Input a gene list as background is useful, for instance we may use all genes that are detectable in microarray experiment or all proteins identified by MS as background. This is an effective way to eliminate bias of using the whole genome. Use the whole genome is not mean to use the total number of gene in the genome as background. By default, KEGG enrichment analyses of clusterProfiler and GeneAnswers are using the whole genome, that is about 5900 genes for human, which are all genes have pathway annotation in the whole genome. Others without annotation are abandoned. This itself is a bias actually, but it's the realistic. If we include all genes no matter they have annotation or not, and setting 20000 or even more as background of human genes, definitely we will get significant result! But it is man-made significant.

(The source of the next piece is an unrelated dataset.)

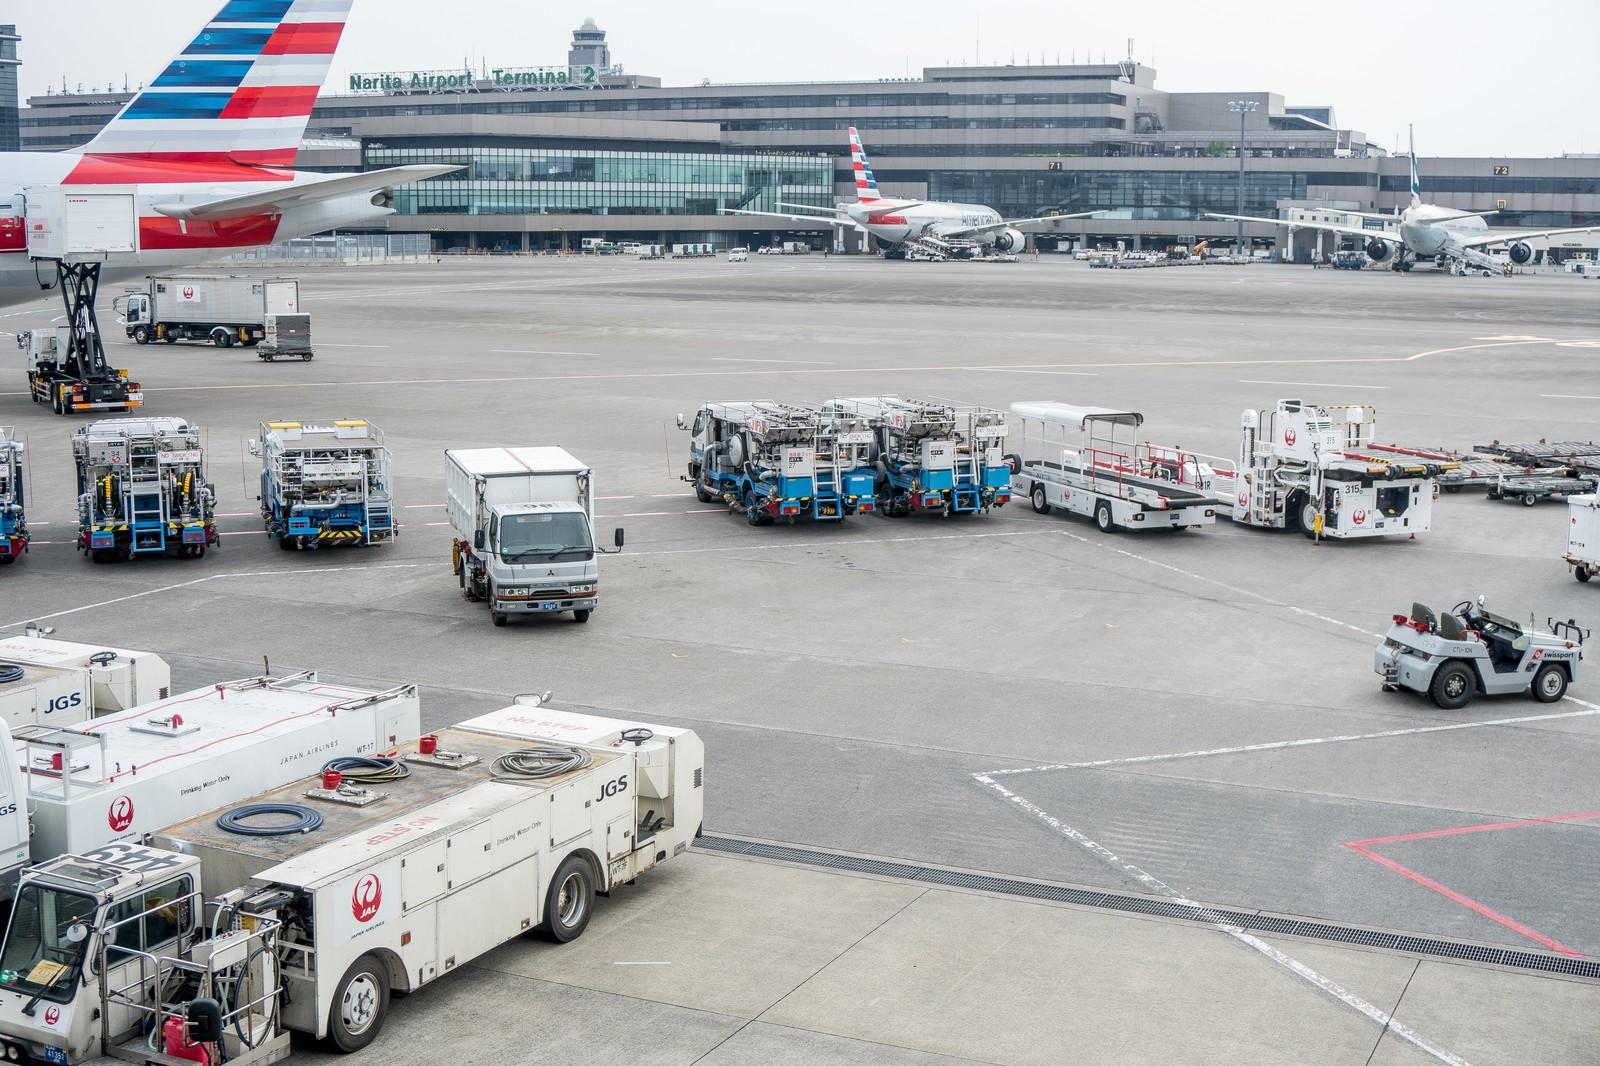 成田空港を観光しよう!こどもも喜ぶスポットや見どころが満載!

As I replied to kaji331, if p values obtained by different software are different, trust the one produce larger p values. Many user will choose a software give a more "significant" result, but trust me, you are making type I error. Conservatively, always choose the one give you larger p-values if you know nothing about the calculation. Software that never "fail" is untrustable.